§ **WORK REQUIRED**
Keep the pictures out while you transcribe the listing below exactly.
--- SOURCE MATERIAL ---
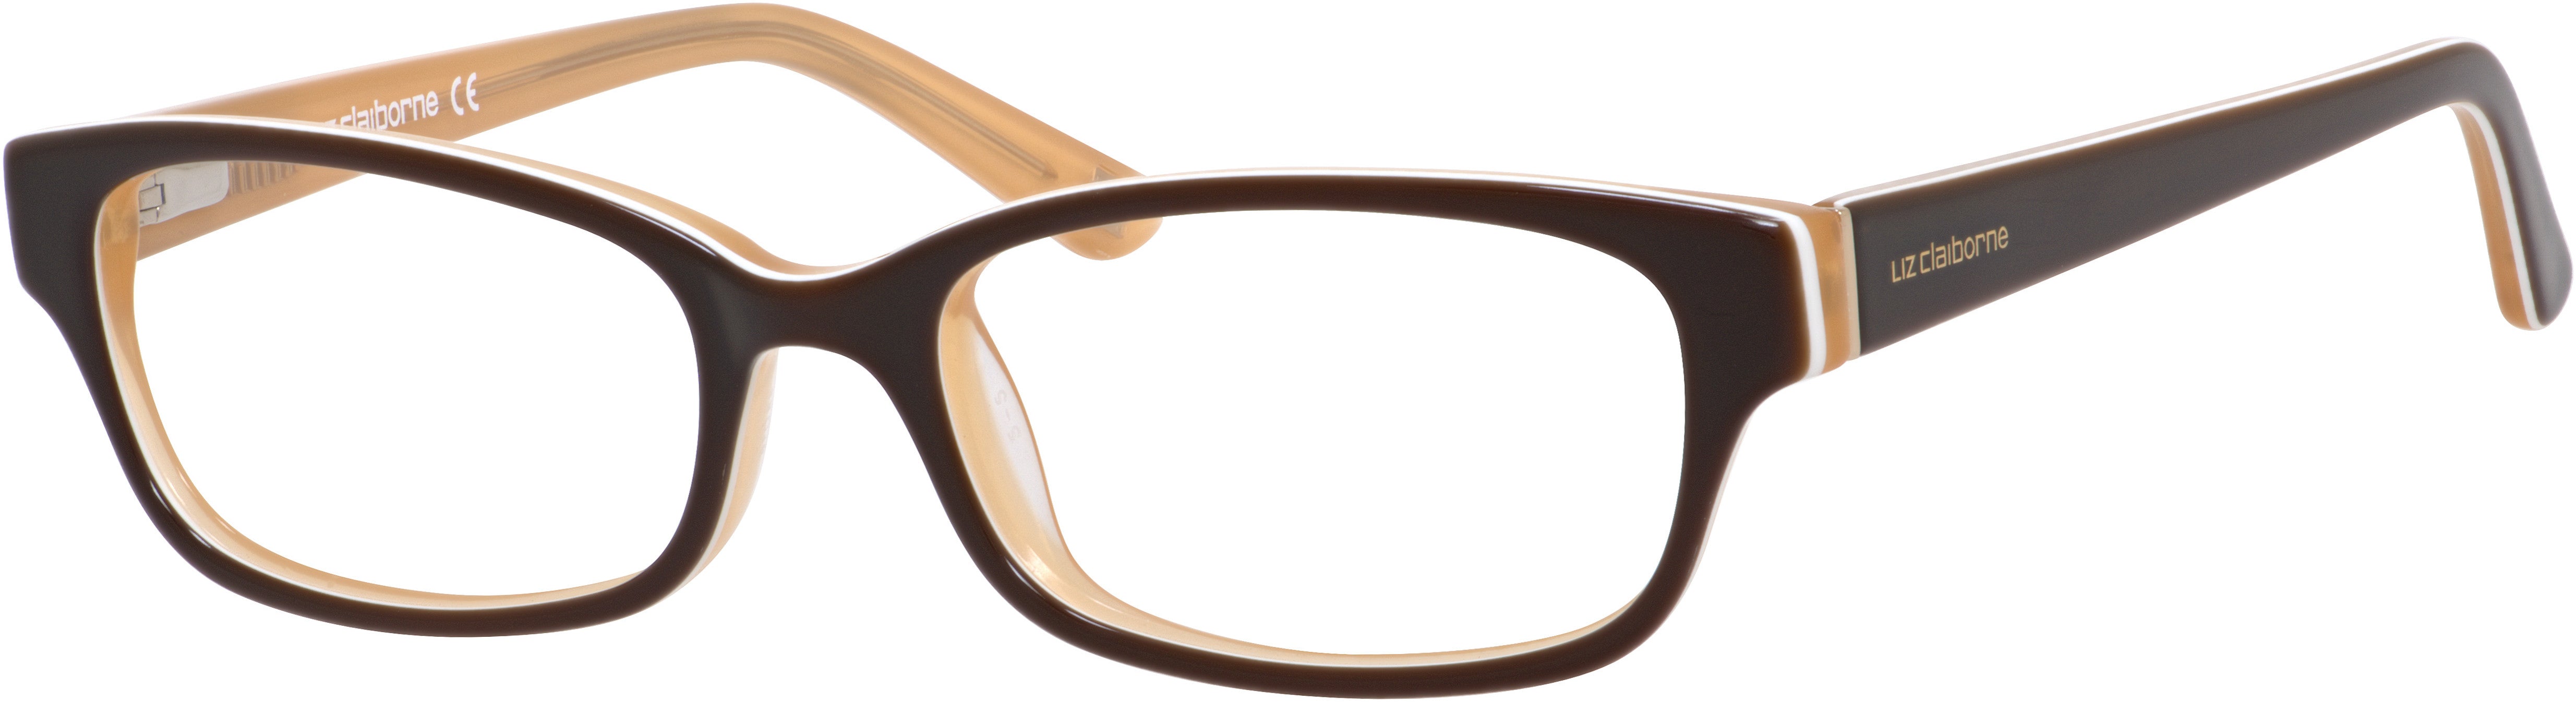  Liz Claiborne 429 Rectangular Eyeglasses 0EU3-0EU3  Brown Caramel (00 Demo Lens)
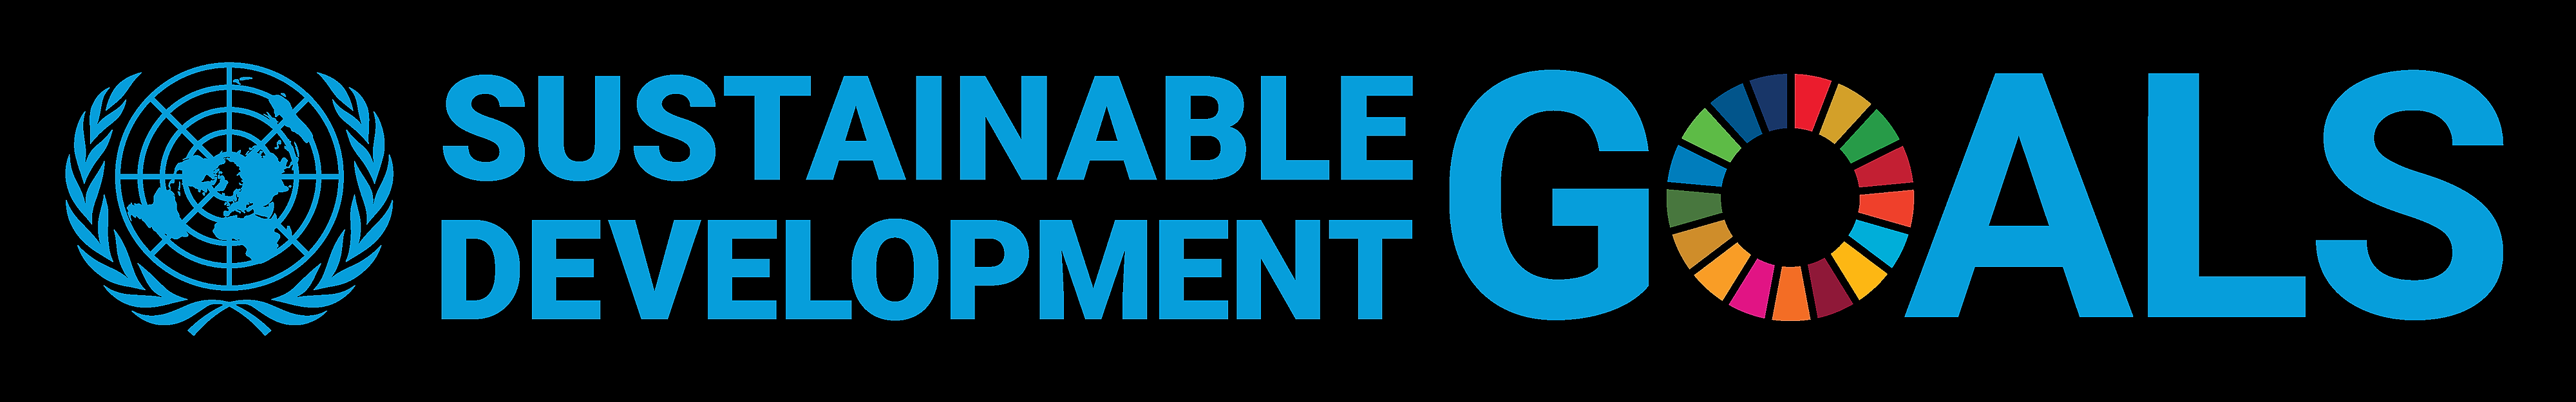 E_SDG_logo_UN_emblem_horizontal_trans_PRINT.png
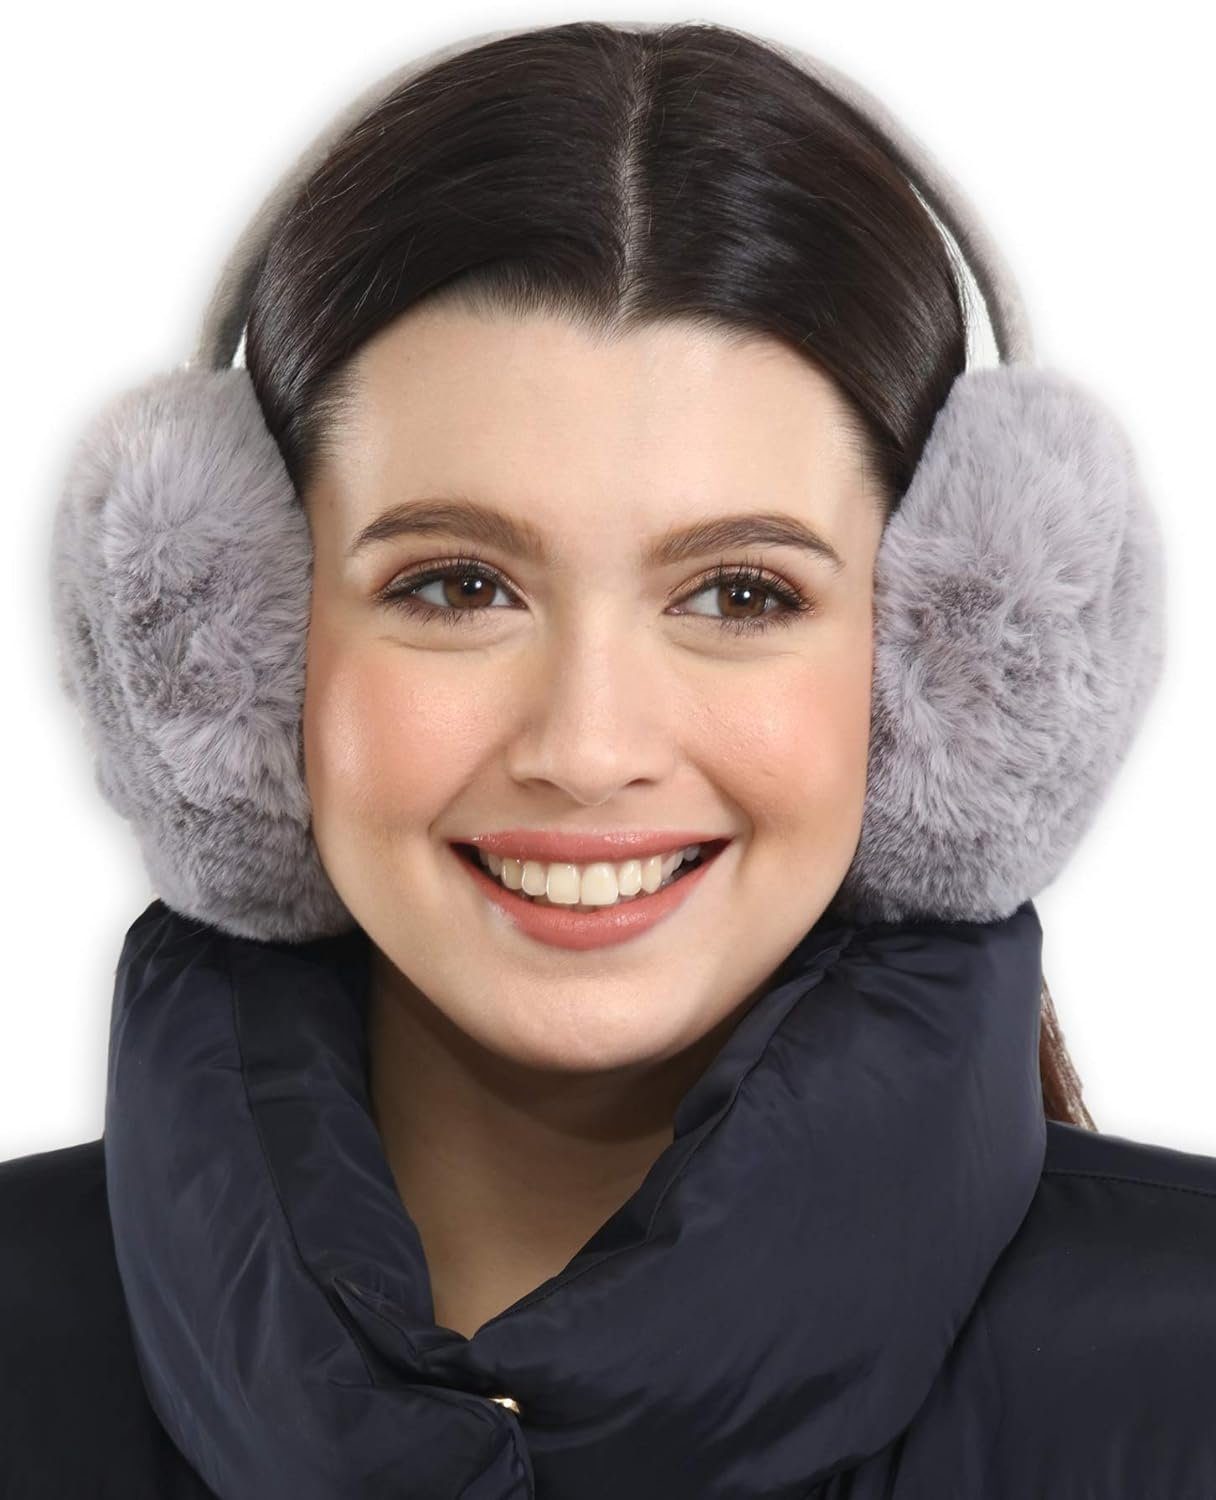 Ohrenwärmer für kaltes Grau Opspring Wetter Ohrenschützer,Winter-Ohrenwärmer,Ohrenschützer
---
§ **PROBLEM SOLUTION**
  Liz Claiborne 429 Rectangular Eyeglasses 0EU3-0EU3  Brown Caramel (00 Demo Lens)
 E_SDG_logo_UN_emblem_horizontal_trans_PRINT.png
 Ohrenwärmer für kaltes Grau Opspring Wetter Ohrenschützer,Winter-Ohrenwärmer,Ohrenschützer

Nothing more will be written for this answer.